What judges actually need from a platform is a single place where their assigned entries appear, their scoring interface is ready to use, and their progress is saved automatically. They should not need to download anything, chase you for access, or reverse-engineer a spreadsheet that someone else built. It should be crystal clear and not rocket science to operate.

The features that make the biggest practical difference:

  • Centralised assignment — submissions land in judges' queues automatically, based on the assignment logic you've set up. No forwarding emails, no shared drives, no confusion about who has what.
  • Built-in scoring — rubric criteria appear alongside each submission. Judges score directly in the platform. No separate form, no back-channel email.
  • Anonymisation — if your programme uses blind review, the platform should handle this natively.

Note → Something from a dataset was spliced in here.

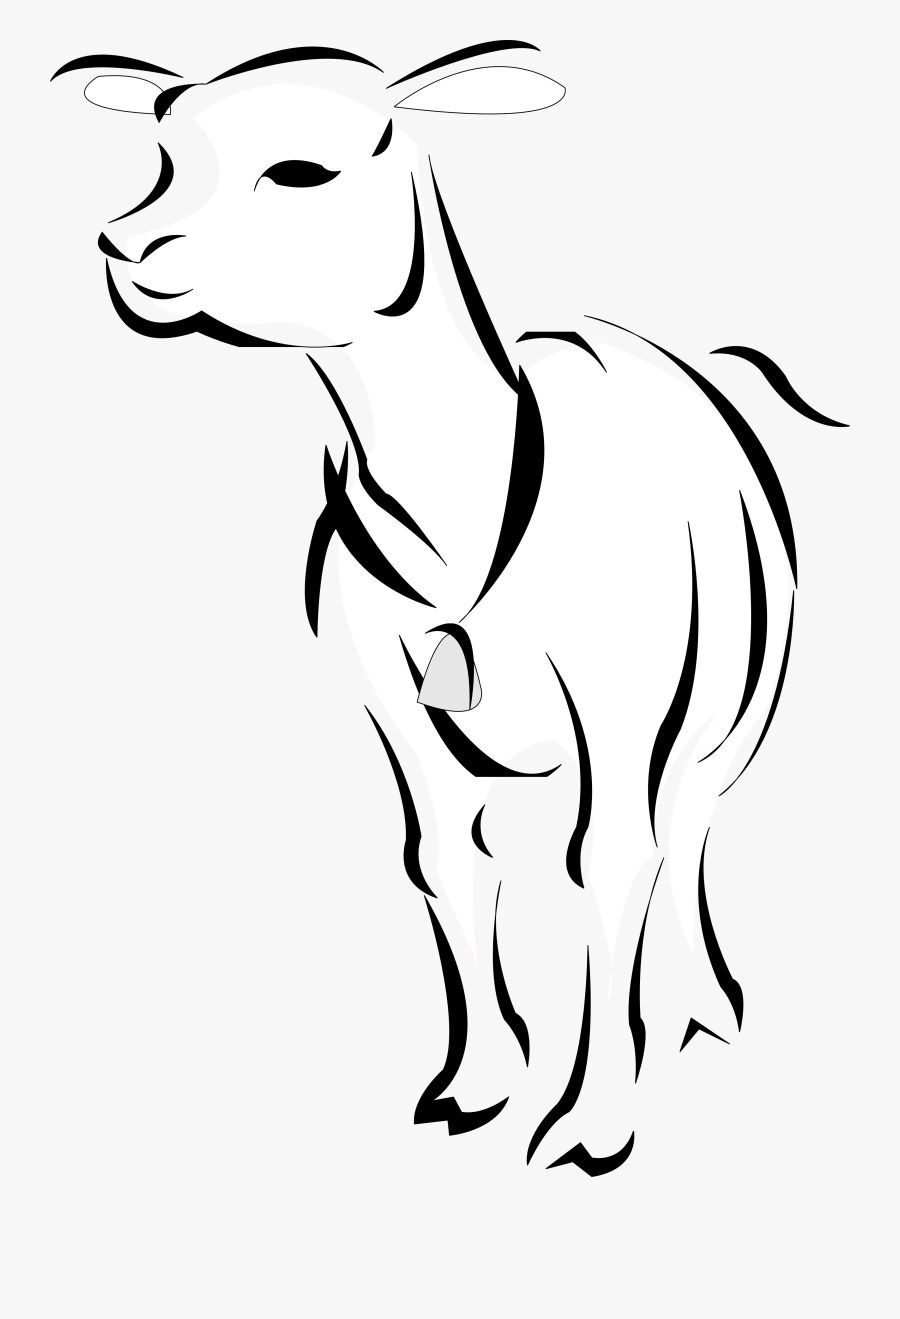 Artfavor Lamb Black White - Sheep With A Bell, Transparent Clipart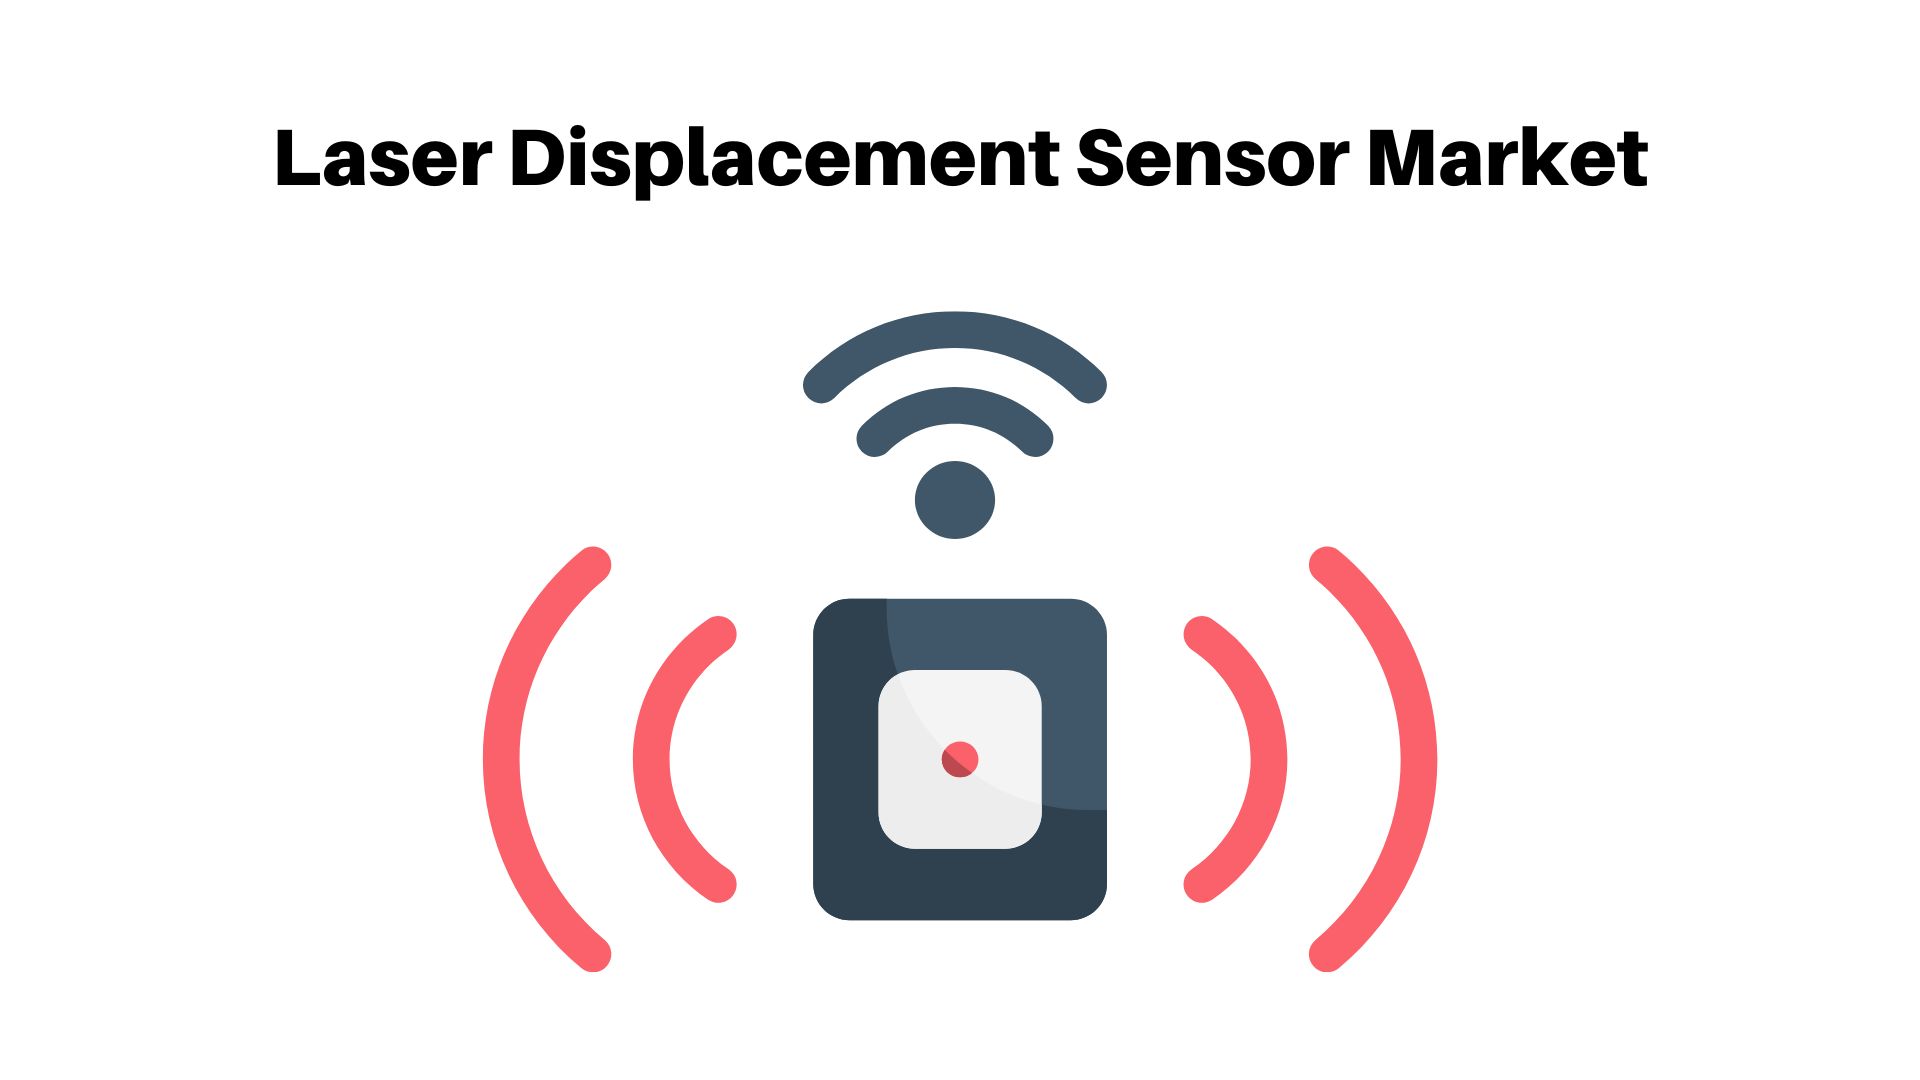 Laser Displacement Sensor Market Is Expected To Rise At A CAGR Of 5.8% | Market.us

Not a workaround, not a manual redaction step.
  • Progress visibility — you should be able to see, at a glance, how far each judge has got. Not by chasing them — just by looking at a dashboard.
  • Remote access — judging panels are increasingly distributed. Your process should work whether judges are in the same room or on different continents.

Dapple is built for exactly this kind of programme. Judges get a clean interface with their assigned entries, scoring built around your rubric, and nothing they don't need. Programme coordinators get real-time visibility without the constant email thread.

The Bit Most Programmes Skip: Briefing Your Judges

Entry guidelines. Rubrics. Assignment logic. Platform access. All of that can be perfect — and still fall apart if judges haven't been properly briefed before they start.

A judge briefing doesn't need to be long. It needs to cover:

  • The programme's purpose and what you're looking for
  • The scoring criteria and what each level means
  • The timeline: when the window opens, when scores are due, and whether there's a moderation stage
  • Who to contact for technical issues and who to contact for scoring questions
  • Any specific sensitivities — work that may be distressing, topics that require particular care

Five minutes of reading before the window opens is worth hours of confusion during it. Write the briefing as if the person reading it has never judged anything before.

A Note on Feedback

If your programme offers feedback to unsuccessful applicants, that's a significant commitment. Make sure your judges are aware they are required to do this from the outset.

Feedback requires judges to write in complete sentences. It requires enough detail to be useful without being so detailed it takes twenty minutes per entry. It requires your rubric to be specific enough to generate actionable commentary. And it requires someone to review the feedback before it goes out, because judges occasionally write things that they shouldn't!

If you're offering feedback, say so explicitly in your entry guidelines, build the time into your judging window, and set the expectation with judges before they start. Don't assume it'll happen naturally. It won't.

The Simple Version

Set entry guidelines. Assign entries thoughtfully. Give judges a rubric they can actually use. Put everything in one place. Brief them before the window opens.

None of this is complicated. But it does need to be done deliberately and before the entries arrive, not while you're trying to manage the panel at the same time.

The organisations that get judging right are usually the ones that treat the judge experience with the same care as the applicant experience. Your judges are doing you a favour. Return it.